## WHAT IS EXPECTED
The listing below begins with the first line you should copy; stop after the line containing "G Floor Mats", and drop every picture.

## COLLECTED DATA
=== Begin Enclosure ===

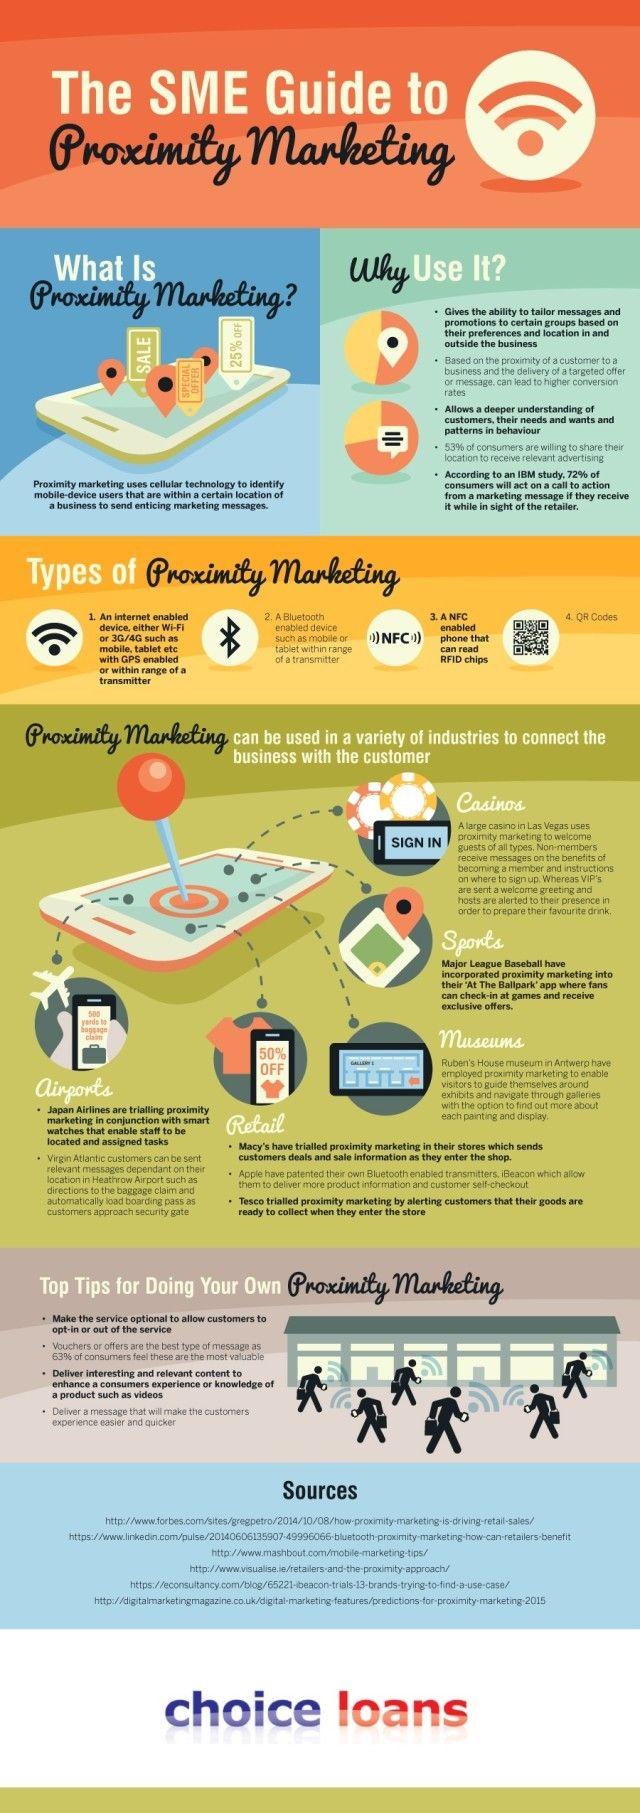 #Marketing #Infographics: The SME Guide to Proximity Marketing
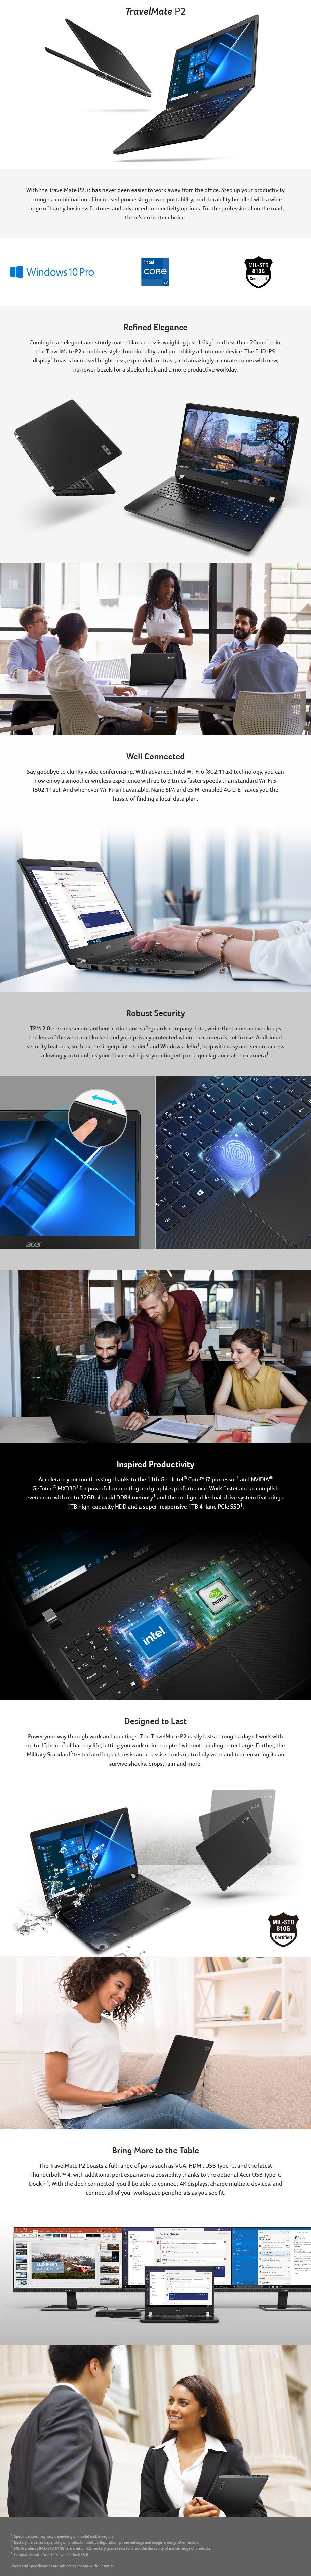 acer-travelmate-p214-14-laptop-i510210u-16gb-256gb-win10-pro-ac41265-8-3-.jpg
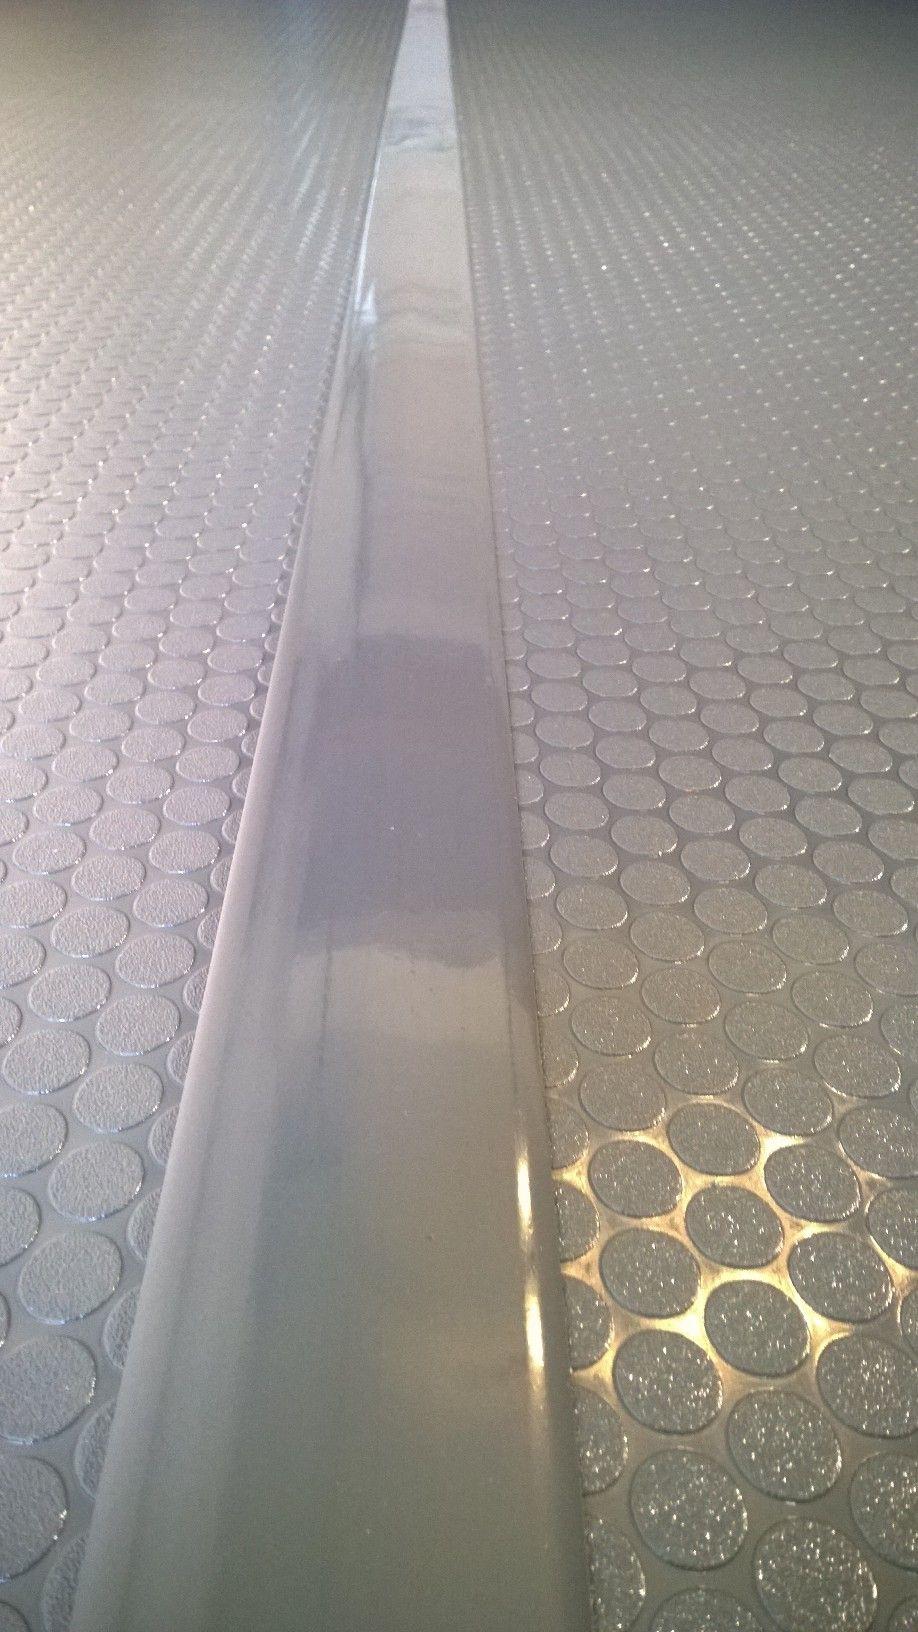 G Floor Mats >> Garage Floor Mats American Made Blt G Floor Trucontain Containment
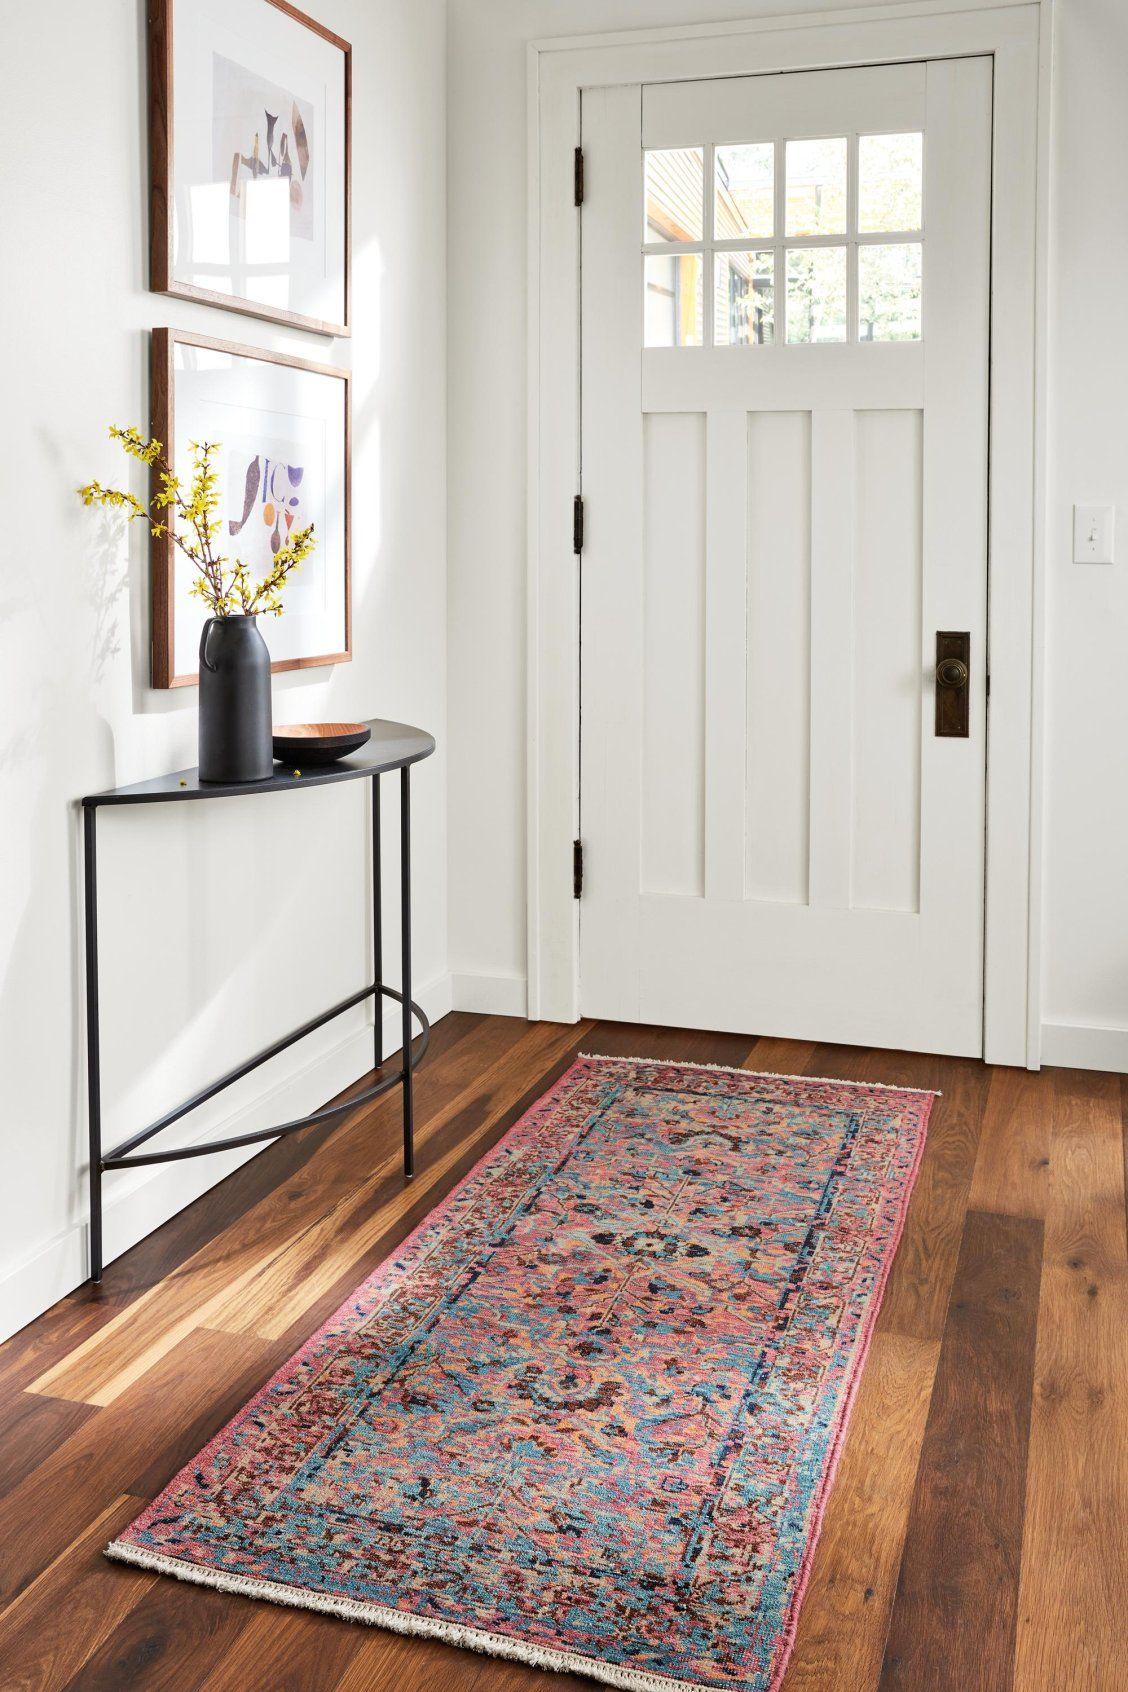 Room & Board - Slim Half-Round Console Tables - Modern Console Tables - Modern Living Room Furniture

=== End Enclosure ===

## TASK RESPONSE
 #Marketing #Infographics: The SME Guide to Proximity Marketing
 acer-travelmate-p214-14-laptop-i510210u-16gb-256gb-win10-pro-ac41265-8-3-.jpg
 G Floor Mats >> Garage Floor Mats American Made Blt G Floor Trucontain Containment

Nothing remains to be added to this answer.